Ranieri Muricy Barreto – Economista e Assessor Chefe do Gabinete do Governador
Dois períodos da história econômica recente do Brasil se destacam no que diz respeito às taxas de crescimento do PIB, aumento dos investimentos e expansão do mercado interno, tendo o Estado como protagonista deste processo, quais sejam: o milagre econômico e os oitos anos de prosperidade do governo Lula. São períodos que evidenciam empiricamente a diferença de dois importantes conceitos utilizados em economia: crescimento econômico e desenvolvimento.
O milagre econômico foi caracterizado por um período de retomada do crescimento da produção por meio da adoção de políticas monetária e fiscal expansivas que se traduziram no fortalecimento da base produtiva e da infraestrutura de transporte, energética e de habitação, bem como no expressivo crescimento PIB, em média 11% ao ano. Em que pese estes avanços, o milagre propiciou uma forte concentração econômica, onde o processo de acumulação do capital foi determinado pelos grandes empreendimentos, que reforçaram as desigualdades regionais e sociais historicamente existentes.
Conceitualmente o milagre foi um período de crescimento econômico estrito, dada a dissociação da pujança econômica com a distribuição de renda e os avanços na área social. A idéia linear do transbordamento automático dos êxitos da economia para a esfera social, conhecida pelo bordão “crescer para depois repartir”, a famosa “Teoria do Bolo”, mostrou-se incoerente e insustentável. Ademais, nesta época, tem início um expressivo aumento da dívida externa bruta(crescimento de mais de 1.500% de 1968 a 1980), com repercussões negativas para a década de 1980 (década perdida), comprometendo gerações futuras.
Diferentemente, nos oito anos de prosperidade do governo Lula, optou-se pelo crescimento com controle da inflação, responsabilidade fiscal e, sobretudo, redução da pobreza e desigualdades.
Colocou-se no centro da agenda a questão social, por acreditar que os investimentos nesta área e a melhoria da equidade são condições necessárias para que o crescimento econômico possa ter bases firmes para se alcançar um novo patamar: o de desenvolvimento. Assim, sepultou-se a idéia de que o Brasil era uma “Belíndia”, uma “espécie híbrida” com características da Bélgica, local de riqueza, e da Índia, simbolizando a miséria, a pobreza e a diferença entre ricos e pobres.
Os investimentos do PAC, a elevação das taxas de emprego, o aumento real do salário mínimo e as políticas de transferência de renda com ampliação do acesso às políticas públicas serviram de catalisador para a redução das desigualdades e para o resgate da cidadania plena: direitos à vida com liberdade e igualdade, enfim, direitos civis, políticos e sociais. O Brasil tornou-se credor internacional, emprestando inclusive ao FMI, num cenário de crise mundial e apresentou média de crescimento do PIB muito superiores às últimas duas décadas.

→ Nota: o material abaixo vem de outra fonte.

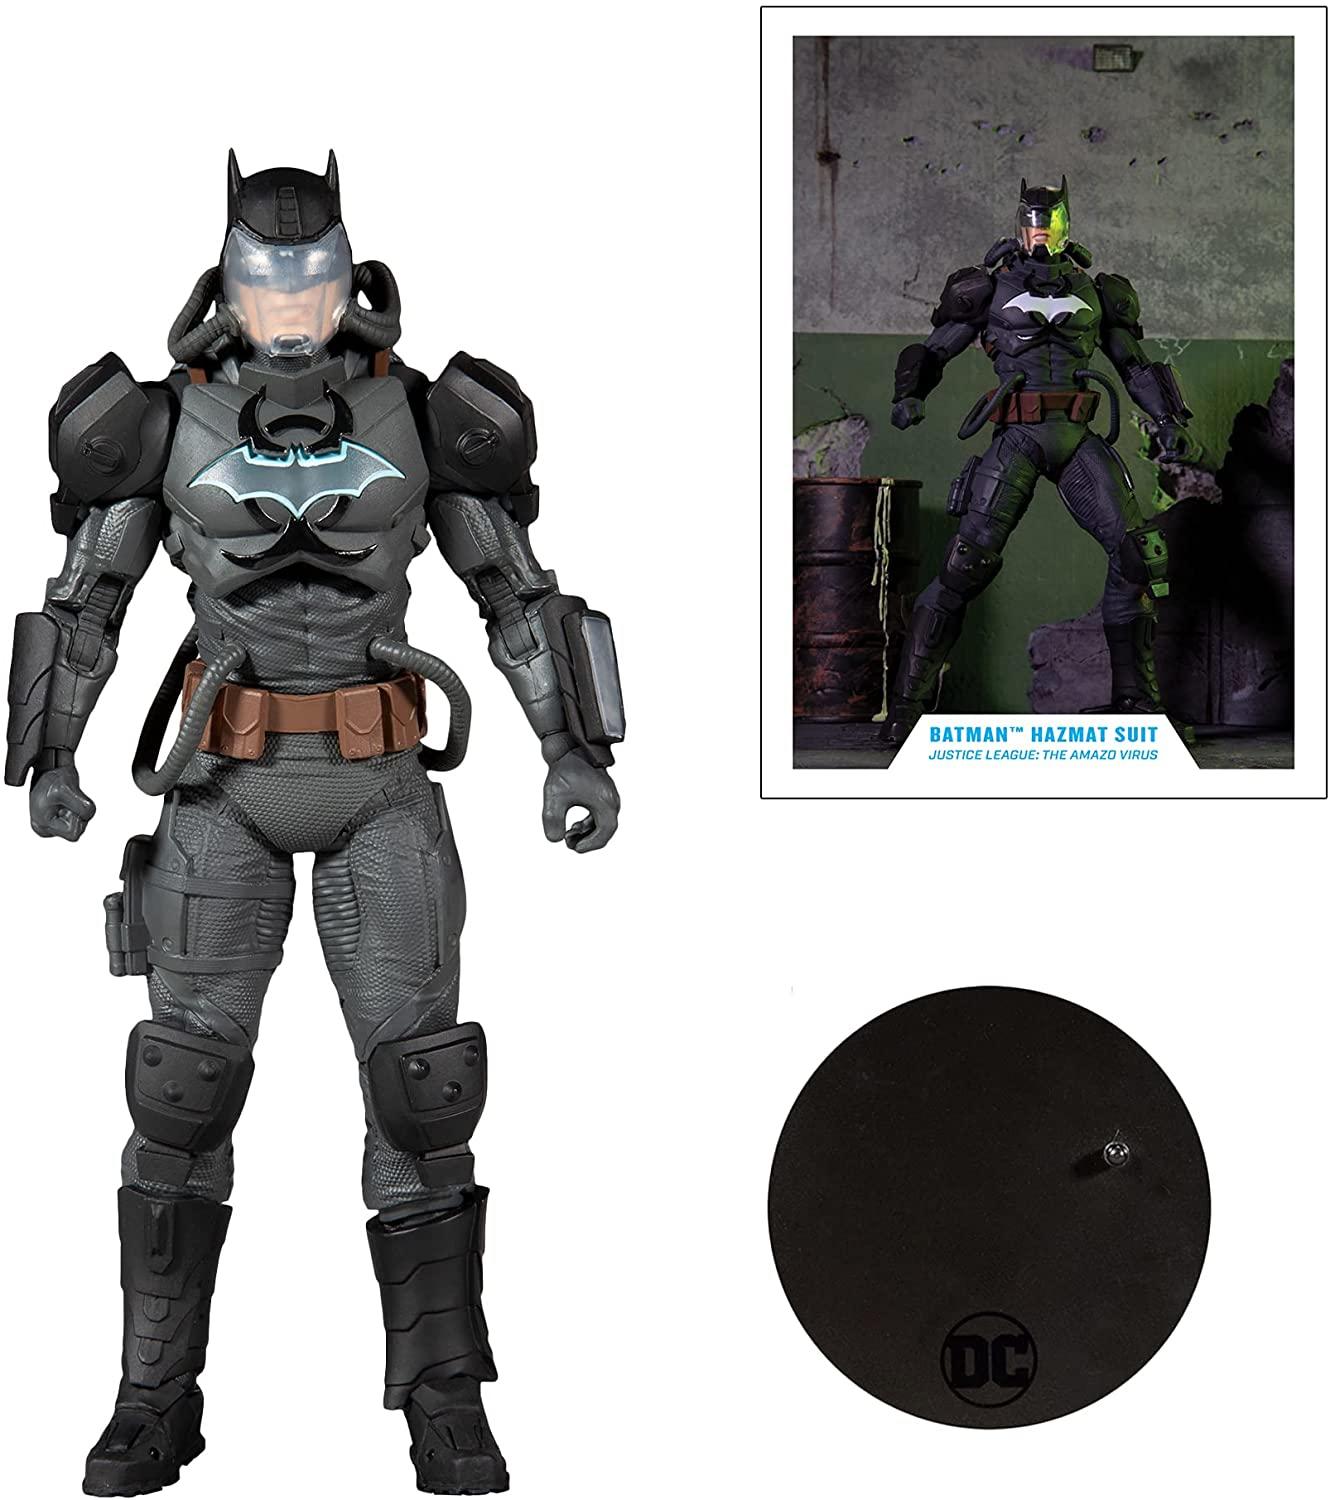 15005-6 for sale online McFarlane Toys Batman 7 inch Action Figure

Distante da ditadura e consolidando sua jovem democracia, o país assistiu ao período de prosperidade do governo Lula com entusiasmo, traduzido na expressiva taxa de aprovação de 80%. A aglutinação de uma maioria política em torno do novo modelo permitiu a aprovação de projetos relevantes, a retomada do planejamento de longo prazo, o controle social, bem como, o fortalecimento das pequenas economias e dos circuitos inferiores do capital, conforme conceituado por Milton Santos. Ao mesmo tempo, observou-se uma maior transparência na gestão pública, fundamental para a consolidação do Estado Democrático de Direito.
Por fim, os oitos anos de prosperidade do governo Lula se caracteriza, conceitualmente, como um período de desenvolvimento, uma vez que registrou além do crescimento econômico, melhoria dos indicadores sociais, aumento da produtividade e amadurecimento institucional.
Também se obteve avanços na direção a uma sociedade do conhecimento, com a expansão da rede de ensino pública universitária e a ampliação dos dispêndios nacionais em P&D, em relação ao PIB, e um maior esforço no sentido de uma transição para uma economia de baixo carbono e de sustentabilidade ambiental.